The DWC has amended Rule 134.600, the preauthorization rule, to require preauthorization for all work hardening and work conditioning services, regardless of the facility where they are performed. The amendment was adopted on October 11 and became effective that date.
Prior to the amendment the preauthorization rule exempted work hardening and work conditioning services from the preauthorization requirement if they were performed at facilities accredited by the Commission on Accreditation for Rehabilitation Facilities (CARF) for which the DWC had granted an exemption. The amendment to the rule eliminates exemptions for such facilities. The change was prompted by the results of a study by the Workers’ Compensation Research and Evaluation Group (REG) which concluded that there is no statistically significant difference between accredited and non-accredited programs in disability duration outcomes.
- Copyright 2018, David L. Swanson, Stone Loughlin & Swanson, LLP.
Speaking of hats, our hat is off to the DWC for revamping its much-maligned Designated Doctor program. This month it amended rules in chapter 127 and promulgated a newRequest for Designated Doctor Examination (Form DWC-32) and a new Designated Doctor Examination Data Report (Form DWC-68). The changes become effective December 6, 2018.

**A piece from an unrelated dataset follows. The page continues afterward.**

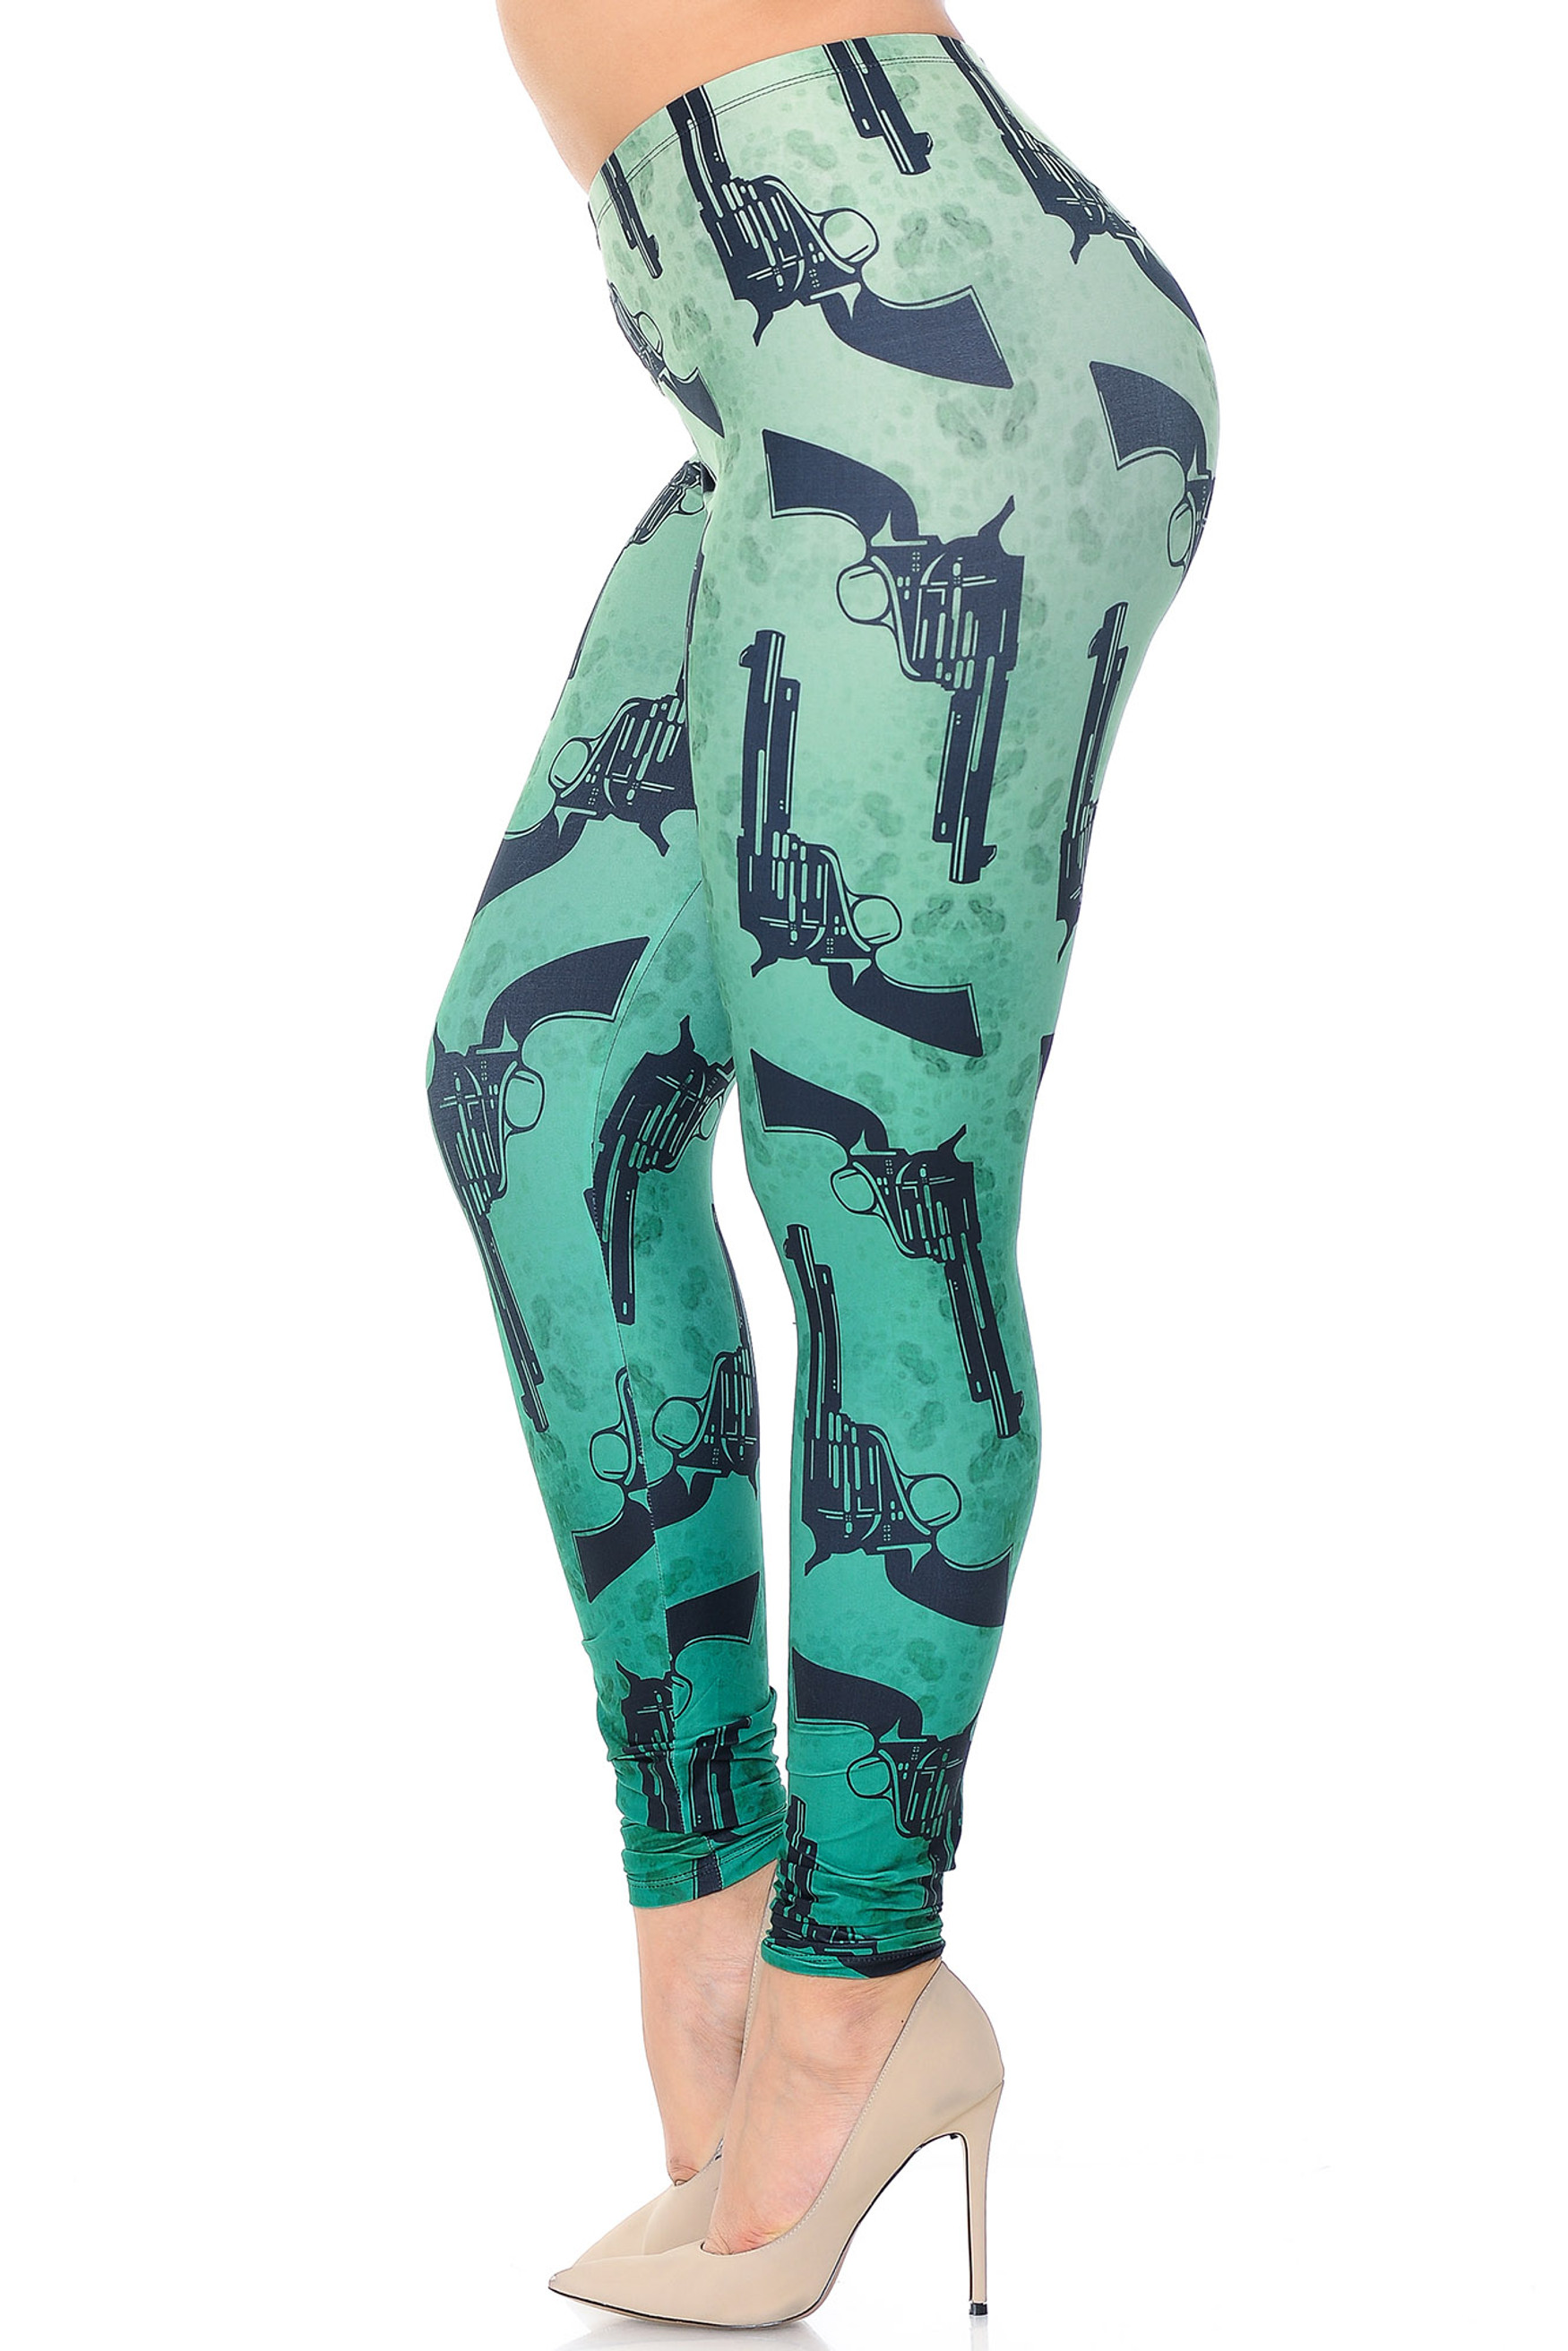 Creamy Soft Ombre Green Guns Extra Plus Size Leggings - 3X-5X

One goal of the changes is to increase participation of medical doctors and doctors of osteopathy. To that end, the DWC has changed the manner in which it assigns examinations. It will maintain two independent lists for each county from which the next designated doctor will be selected. One list will consist of doctors qualified to perform examinations under Rule 127.130(b)(1) –(4). These examinations involve musculoskeletal injuries for which medical doctors, doctors of osteopathy, and chiropractors are qualified to perform an exam. The other list will consist of doctors qualified to perform examinations under Rule 127.130(b)(5) – (9). These examinations involve specialized injuries for which medical doctors, doctors of osteopathy, doctor of optometry, and doctors of dental surgery are qualified to perform an exam. Those injuries include, but are not limited to, mental and behavioral disorders and injuries of the feet, teeth, eyes and internal systems. A qualified doctor can be on both lists. The DWC hopes that this change will result in more opportunities for medical doctors and doctors of osteopathy to receive assignments for multiple examinations in the same location on the same day, thereby making the examinations more profitable for the doctors.
These changes are sorely needed. Data released by the DWC this month shows that of the 509 available DDs, 345 are chiropractors and only 163 are medical doctors or doctors of osteopathy.
The rule amendments also will give the DWC more tools to weed out DDs that are just plain bad. Specifically, the Division now will be able to deny certification as a DD for a number of newly-specified reasons including, but not limited to, (1) the quality of the doctor’s past DD reports, (2) demonstrated lack of ability to properly apply the Guides to the Evaluation of Permanent Impairment, and (3) a pattern of reports overturned by the DWC.